On the southern outskirts of Hanoi, crews working around the clock are raising a stadium so large it is meant to break a world record — and, its chroniclers argue, to illustrate something about how the modern economy works.

A record-setting build

The venue, currently called Hùng Vương Stadium, is designed to seat about 135,000 people, which would make it the largest stadium in the world, surpassing North Korea's roughly 130,000-seat Rungrado May Day Stadium, according to StadiumDB and Vietnamese business coverage. It is the centerpiece of a roughly $35 billion "Olympic Sports Urban Area" spread across more than 9,000 hectares, with groundbreaking in December 2025 and completion now targeted for 2027, ahead of schedule. Its facade evokes the ancient Đông Sơn bronze drum, a symbol of pre-colonial Vietnam.

One company, one man

The project is built and funded by Vingroup, Vietnam's largest private conglomerate, chaired by Phạm Nhật Vượng — Southeast Asia's richest person, worth an estimated $24 billion or more. Vingroup's reach spans real estate, the electric-vehicle maker VinFast, health care, retail and hospitality, and its revenues have amounted to a meaningful slice of Vietnam's entire economy (a figure often cited at around 1 percent of GDP, based on 2022 data). The stadium is not just a venue but the anchor of a planned district for hundreds of thousands of residents, complete with hospital, hotel and aquatic arena.
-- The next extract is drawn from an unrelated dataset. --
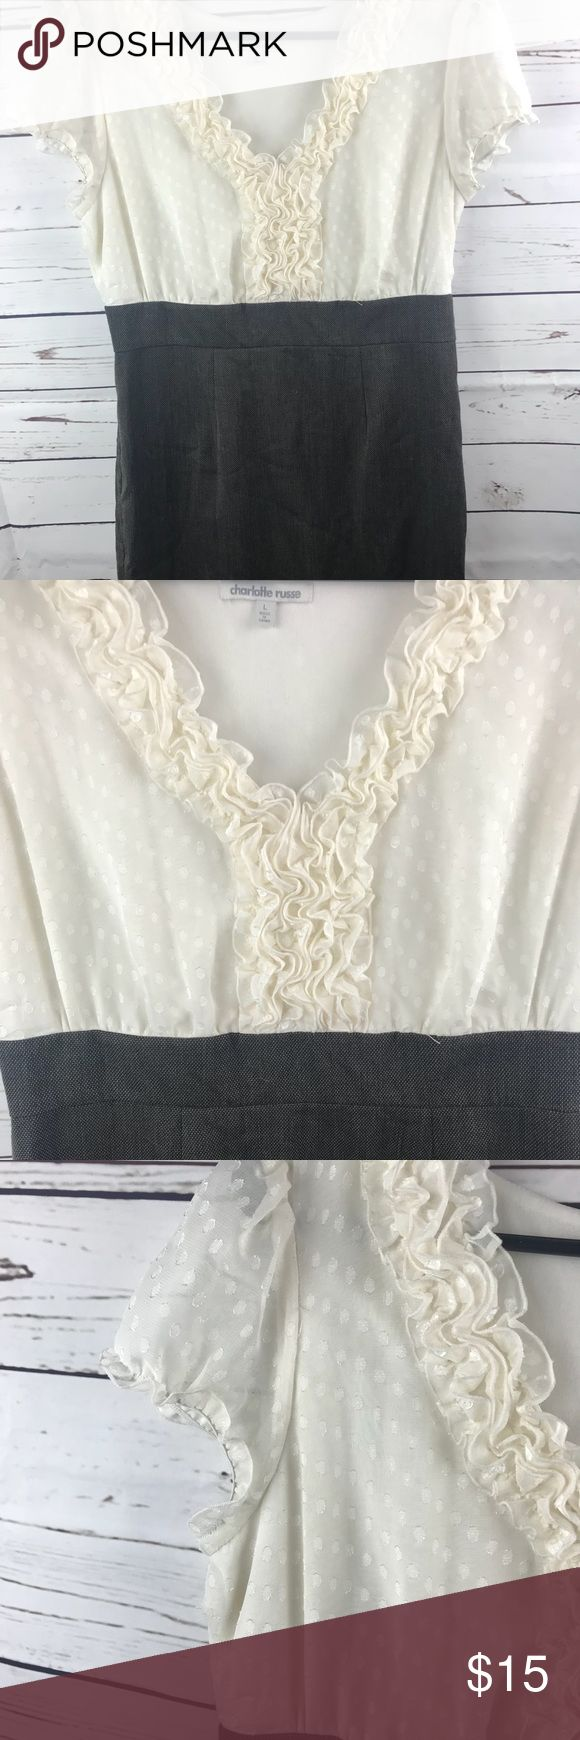 Charlotte Russe Dress Career Cream Grey Large Used good condition Charlotte Russe Dresses Midi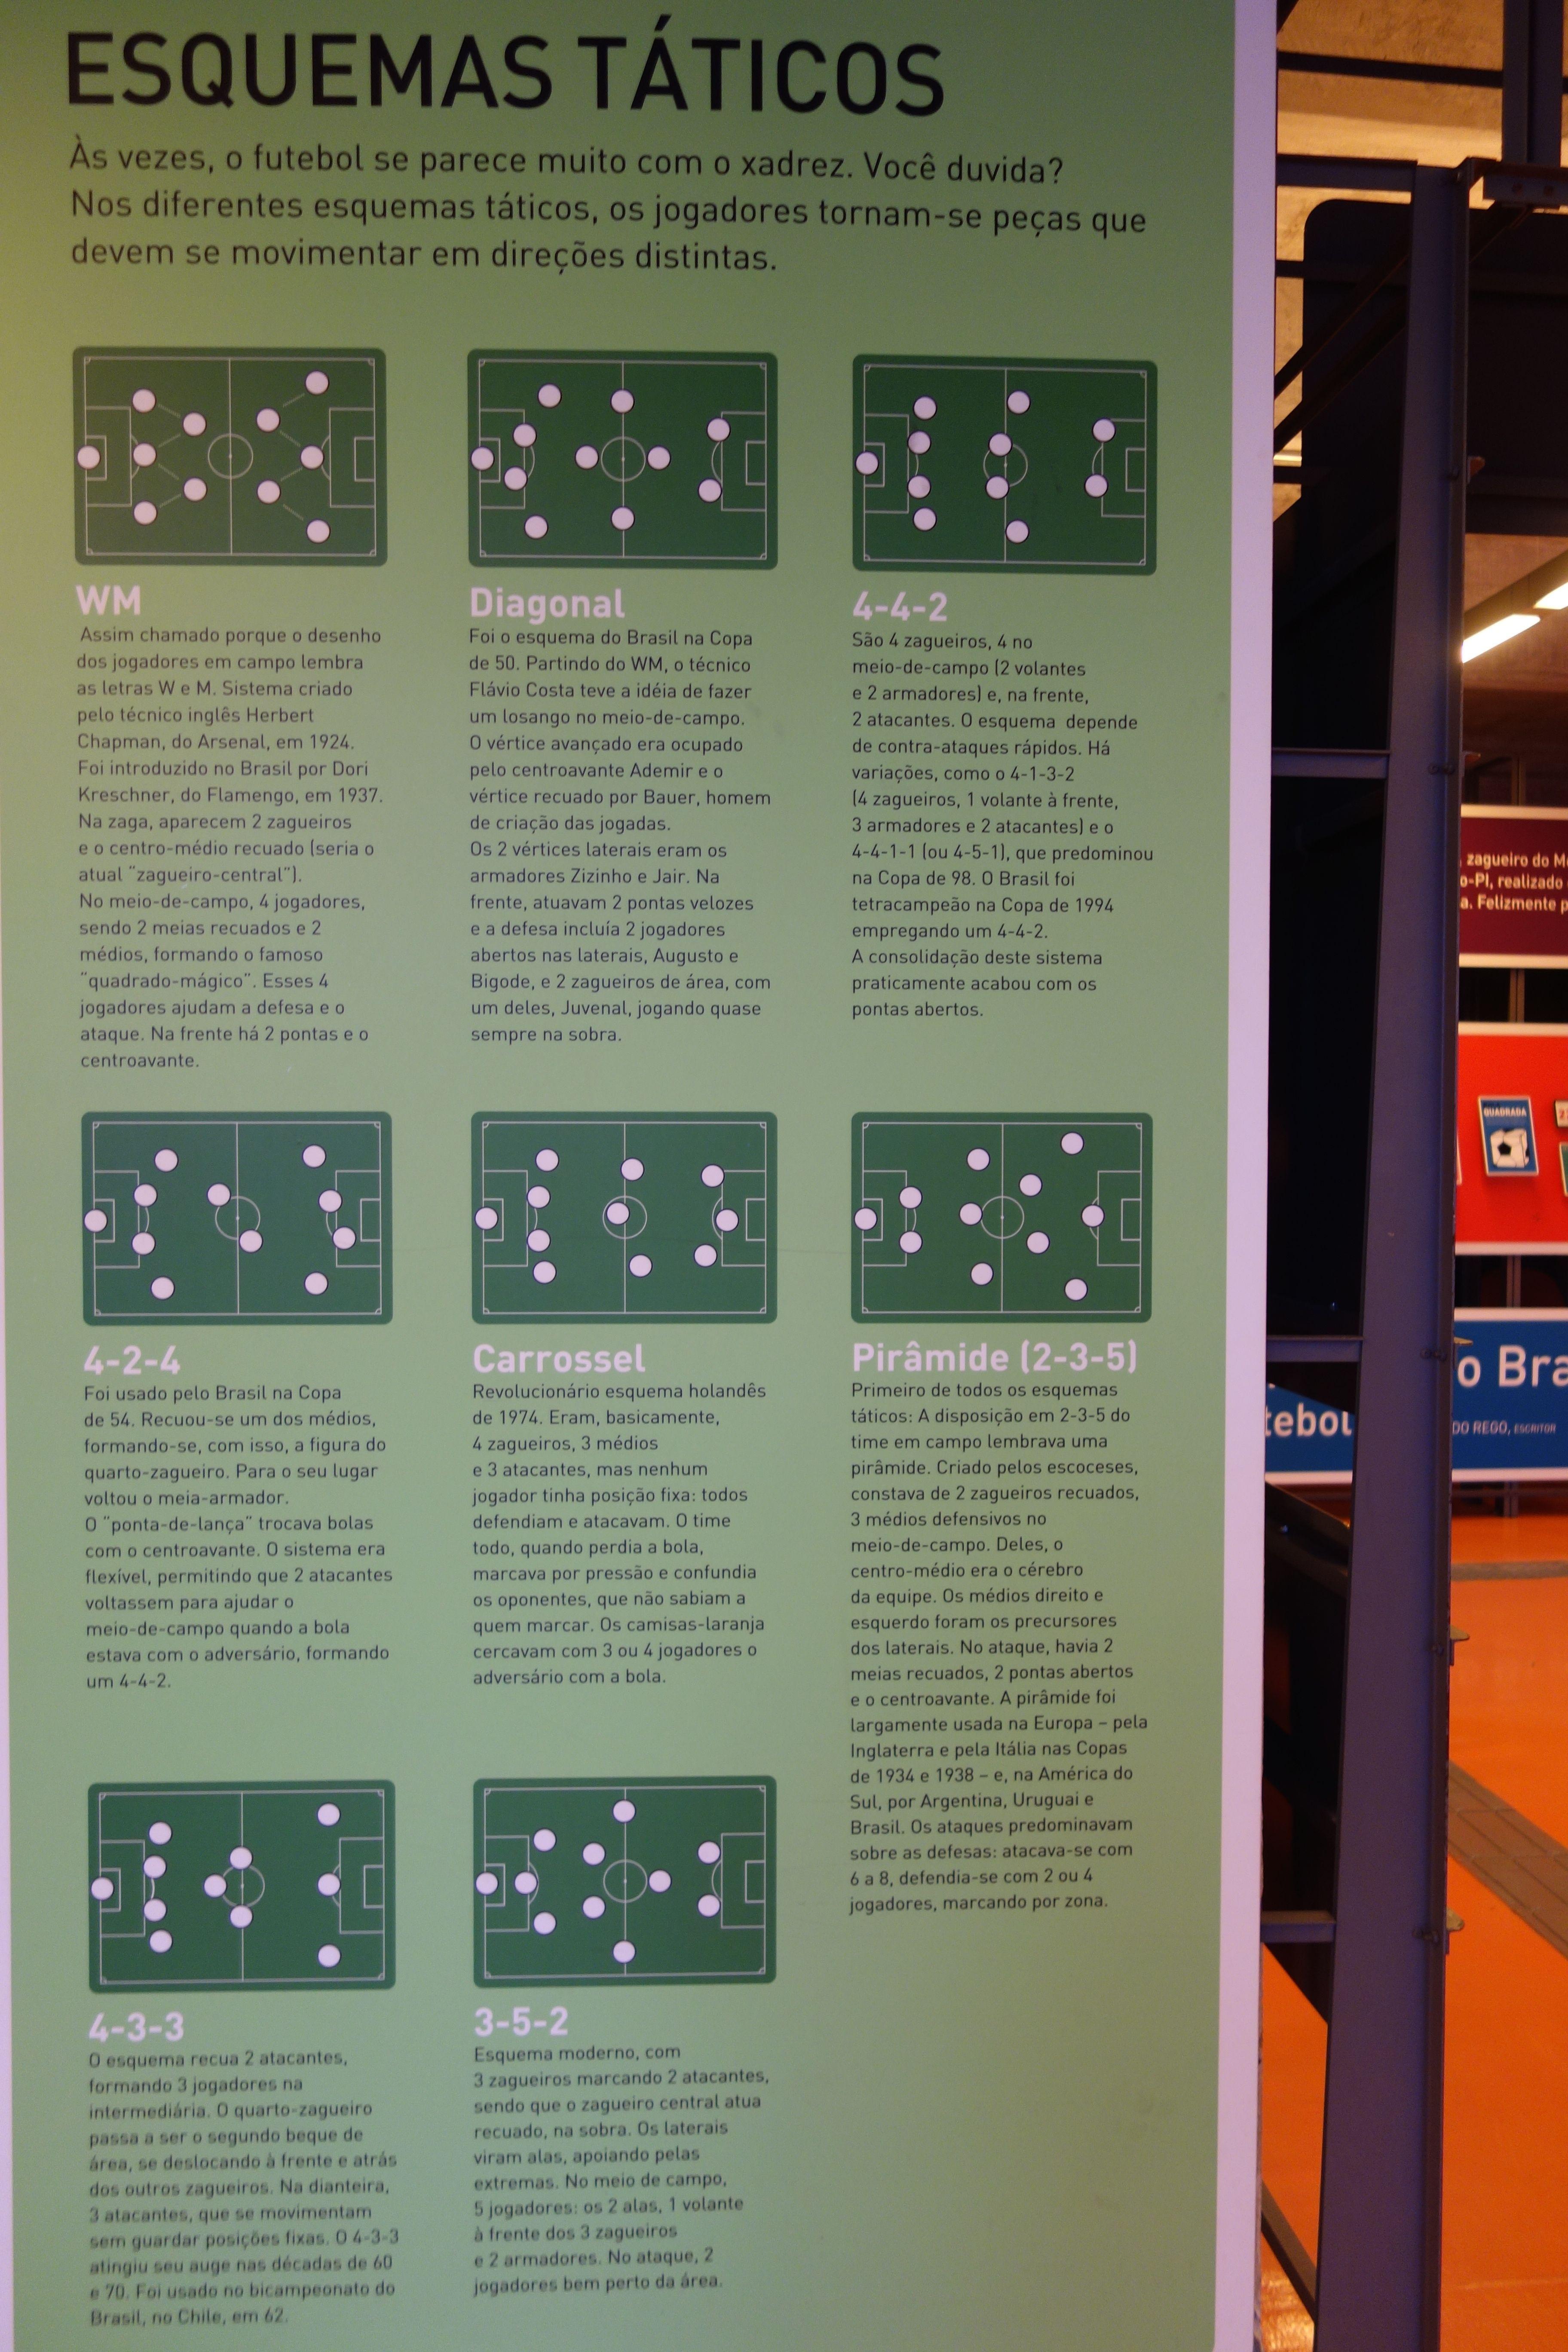 COUPE DU MONDE DE FOOTBALL: Musee du football a Sao Paulo, les differentes strategies.

The argument, and the doubts

The New York Times, in the piece that prompted this story, uses the stadium as a lens on the global economy — arguing that the concentration of wealth and corporate power in a single "everything conglomerate" both drives growth and deepens inequality, a pattern echoed in South Korea's chaebol and in India's biggest business houses. That framing is the Times's and its economists'; the Herald notes it as analysis, not settled fact.

What is less disputed is the scale — and the skepticism. Analysts have questioned whether Vietnam, a nation of about 100 million with incomes still below the global average and a football culture that has never filled anything close to 135,000 seats, can sustain a stadium this size commercially, the New Straits Times reported. Critics add that Vingroup's dominance can crowd out smaller competitors across whole sectors.

Why it resonates

Vingroup says it hopes the complex could one day host the Asian Games or an Olympics, and it is fitting the stadium with a giant retractable roof and other high-tech features. Whether the ambitions pan out, and whether a middle-income economy can keep the world's biggest stadium full, remain open questions. But the spectacle makes a broader point hard to miss: in Vietnam, as in much of the world, a growing share of what gets built — the towers, the car plants, the hospitals, and now the stadiums — carries a single name above the gate.